Task brief: If pictures are present, leave them out, and copy the data word for word.

Data shown:

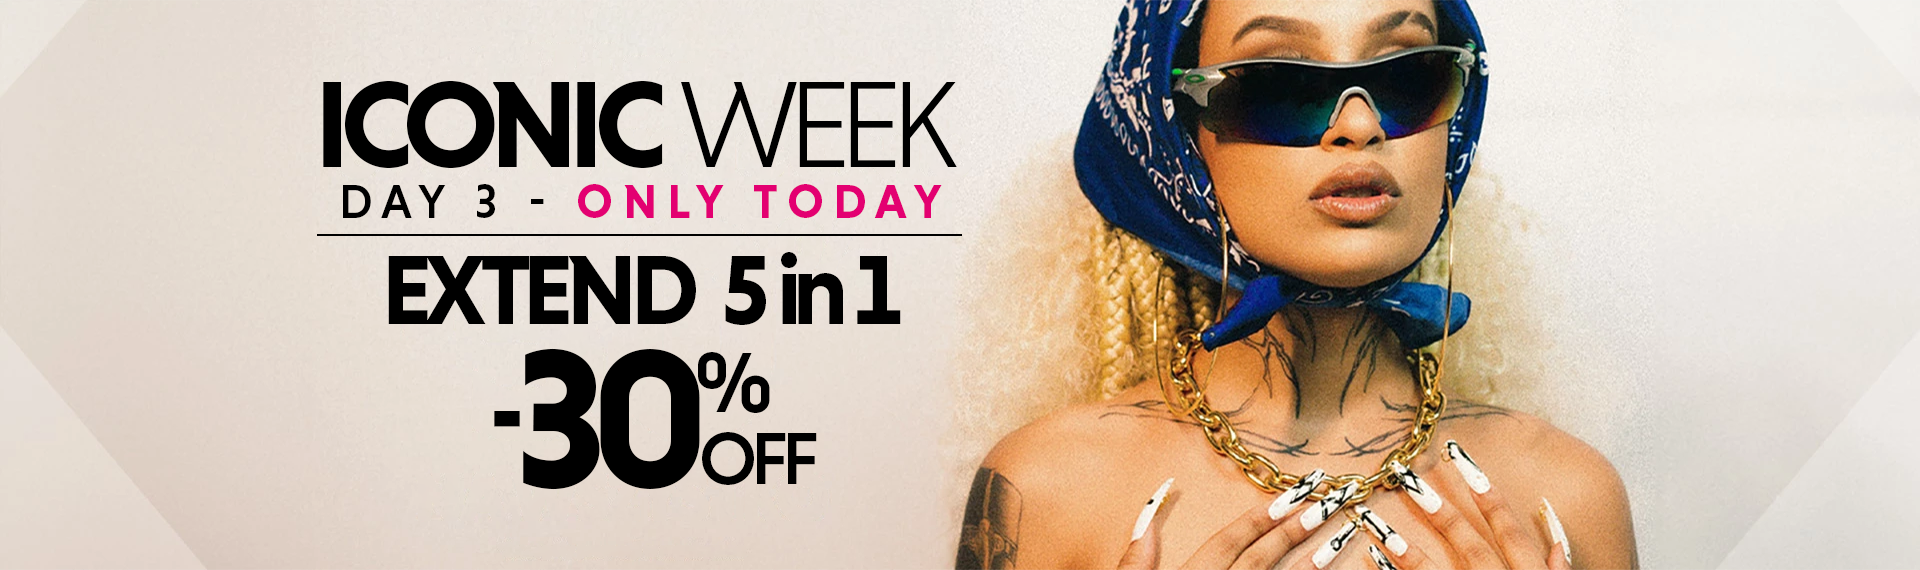 ICONIC WEEK DAY 3 - EXTEND 5in1 -30% OFF
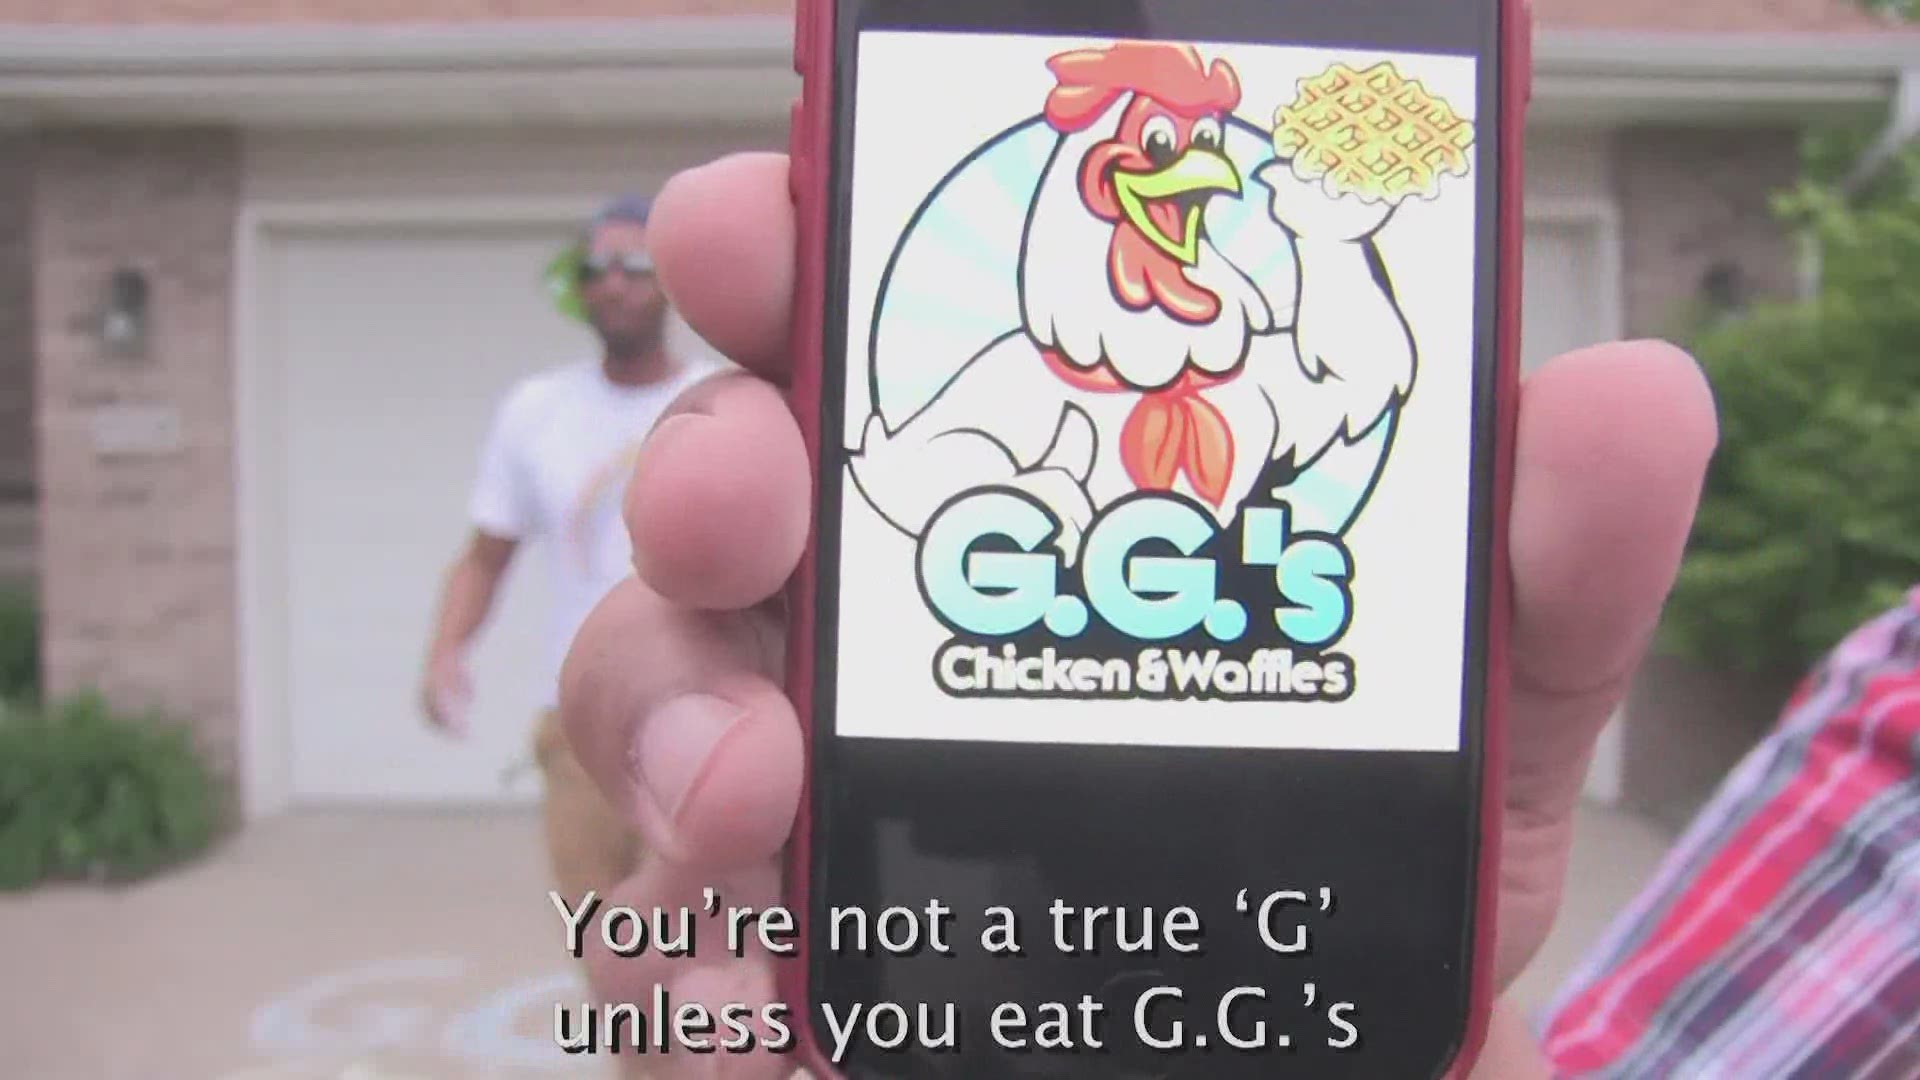 The owner of G.G.'s Chicken and Waffles says he's using his platform to promote other Black business owners in Iowa.
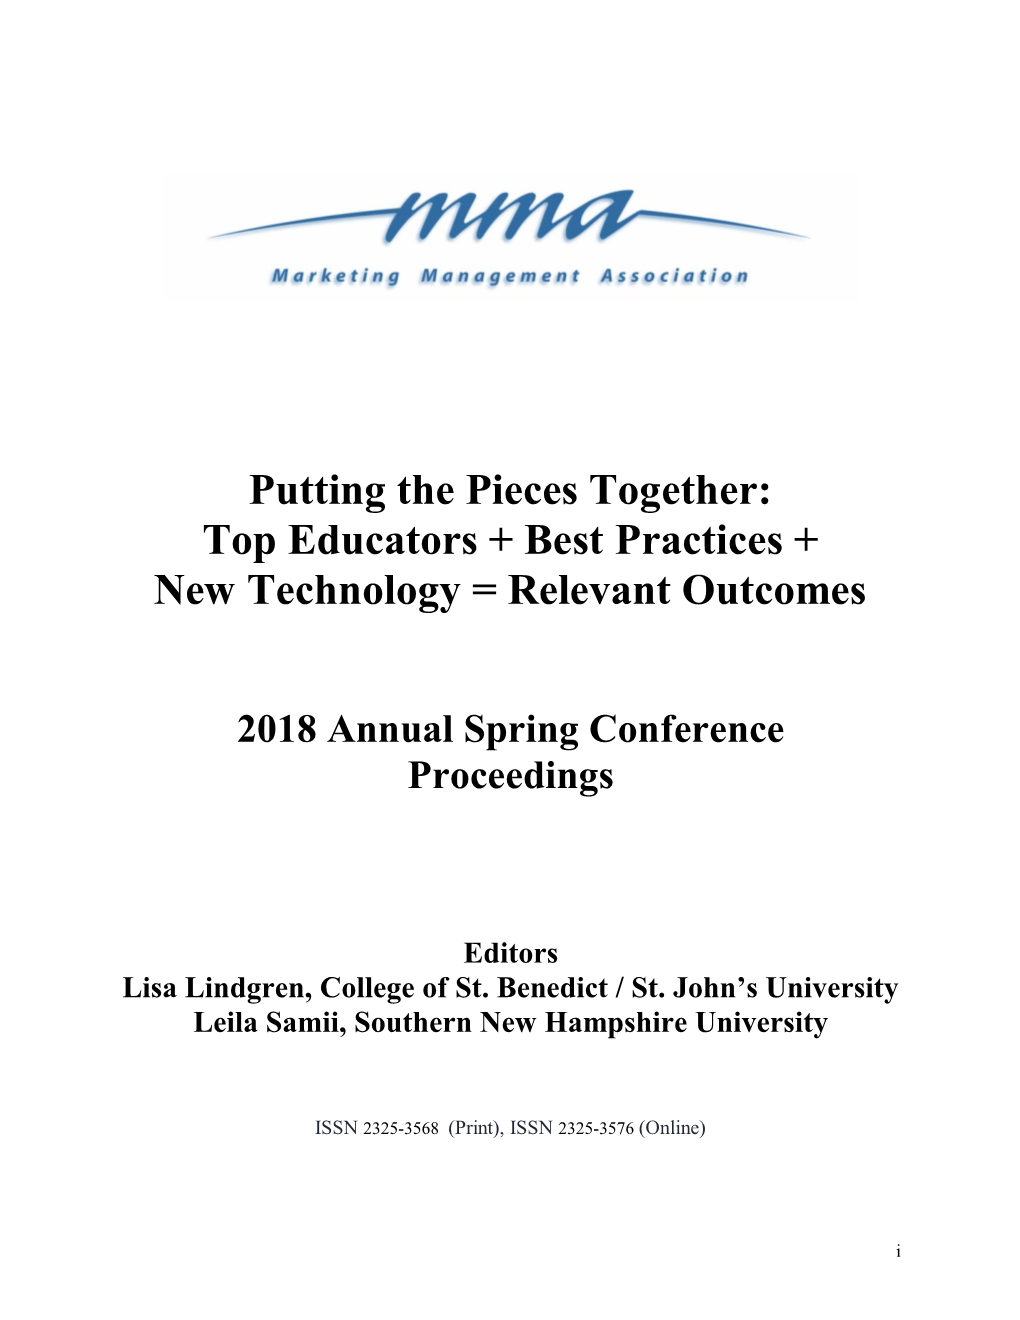 Putting the Pieces Together: Top Educators + Best Practices + New Technology = Relevant Outcomes

Solution for this problem:
 ICONIC WEEK DAY 3 - EXTEND 5in1 -30% OFF
 The owner of G.G.'s Chicken and Waffles says he's using his platform to promote other Black business owners in Iowa.
 Putting the Pieces Together: Top Educators + Best Practices + New Technology = Relevant Outcomes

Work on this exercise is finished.